Kostek points out that you might need to relocate to find the best opportunities. "If the market crashes in Oregon for semiconductor jobs, for example, you're probably a lot more limited than if you are in the Silicon Valley."

If you're still in school, Sherman suggests getting involved with your local IEEE student section. "It gave me a lot of opportunities to show both leadership and my public speaking abilities.

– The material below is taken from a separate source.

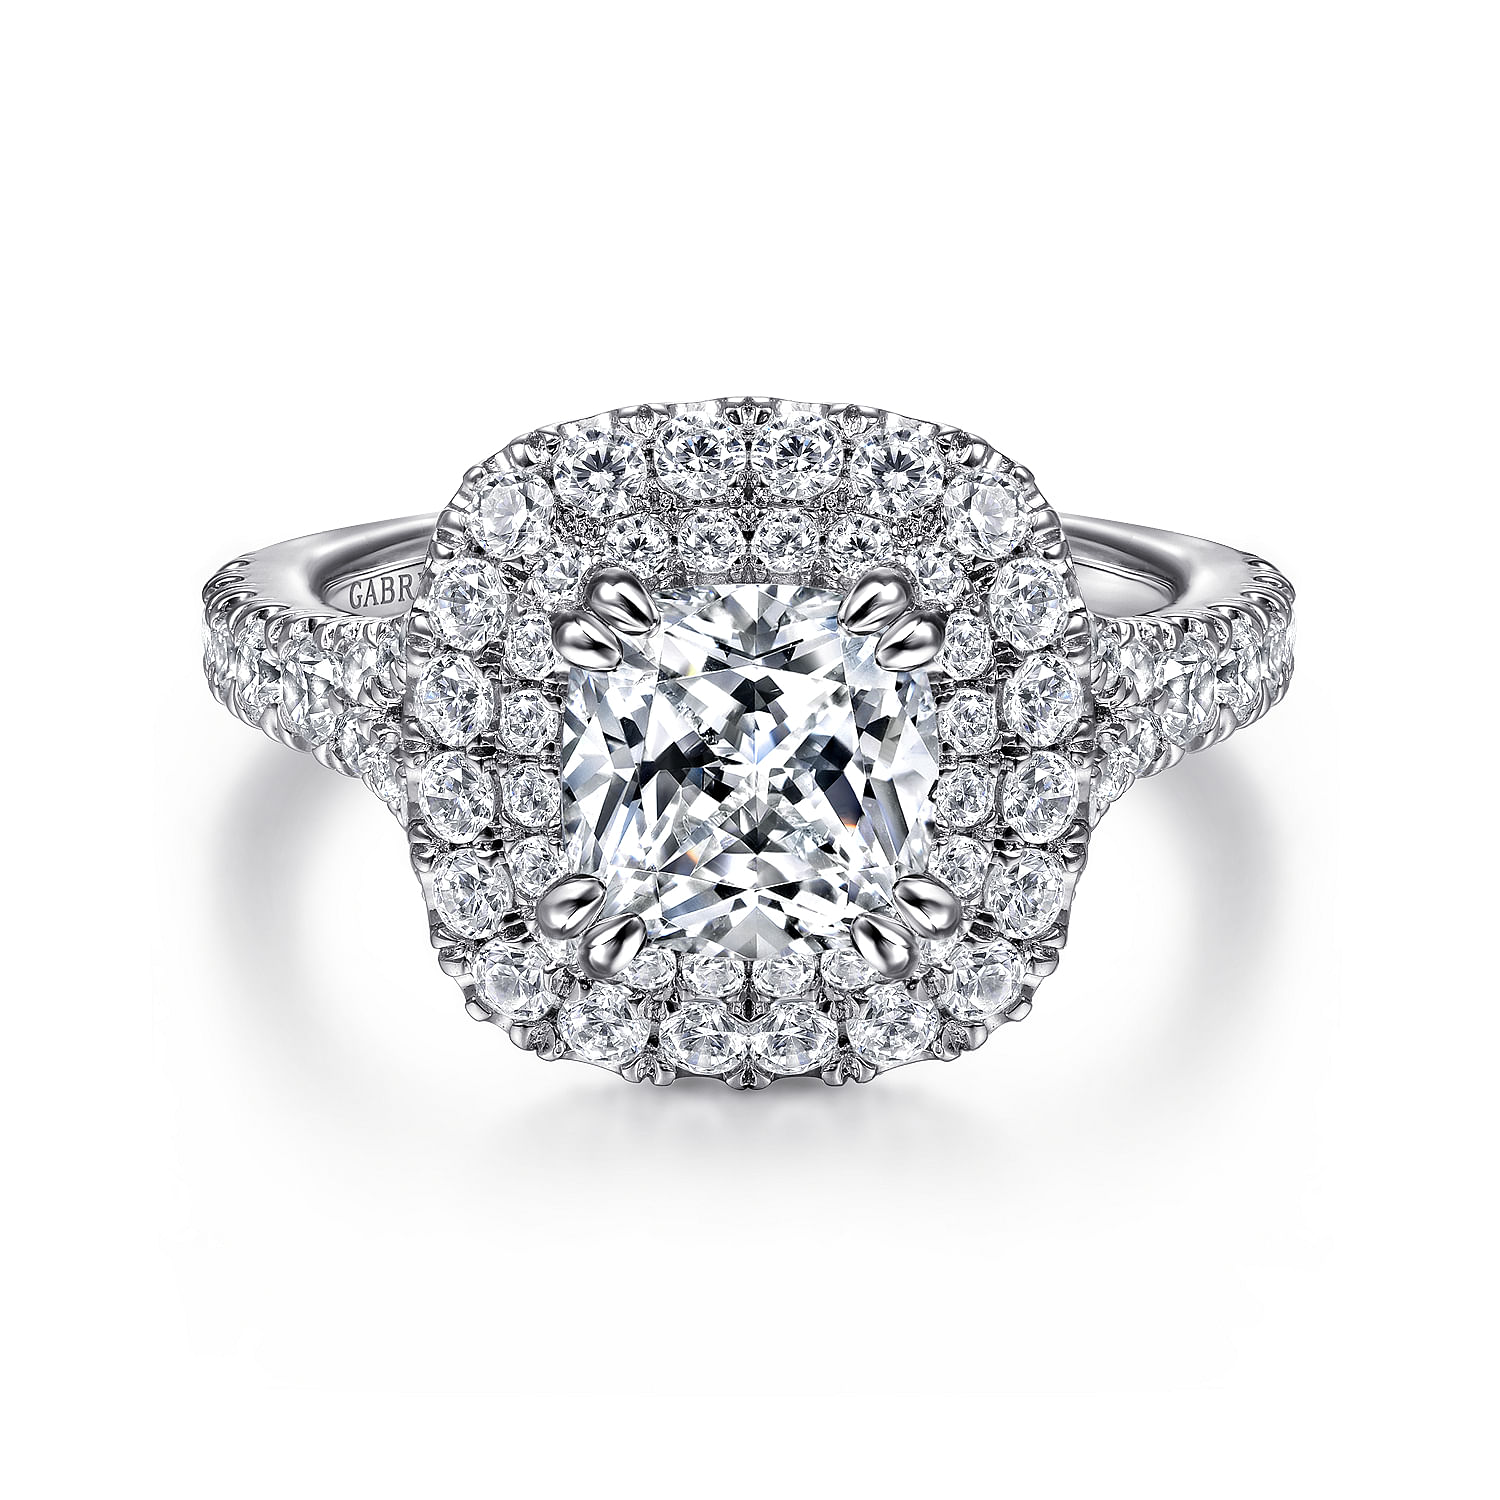 Sequoia - 14K White Gold Cushion Double Halo Diamond Engagement Ring

Those are hard qualities to demonstrate in you haven't already had a job."

Consider taking a few internships to get hands-on experience and a broader industry perspective, says Kyle Burk, a technical sales representative for Texas Instruments, who took three internships with TI before landing his current job. "It gave me a really good understanding of how our product groups work and what it takes to develop a product," he says.

No matter how you get in, Coughlin suggests engineers might find the semiconductor industry uniquely satisfying. "I think it's been a very rewarding field for the people that are in it because you can see the fruits of your labor in almost everything that you touch," he says. "Every consumer electronic device, every computer, every mobile device, every server, every time you get on the internet you're interacting with electronic circuits. It's got to be a very rewarding experience because it does so much for everybody."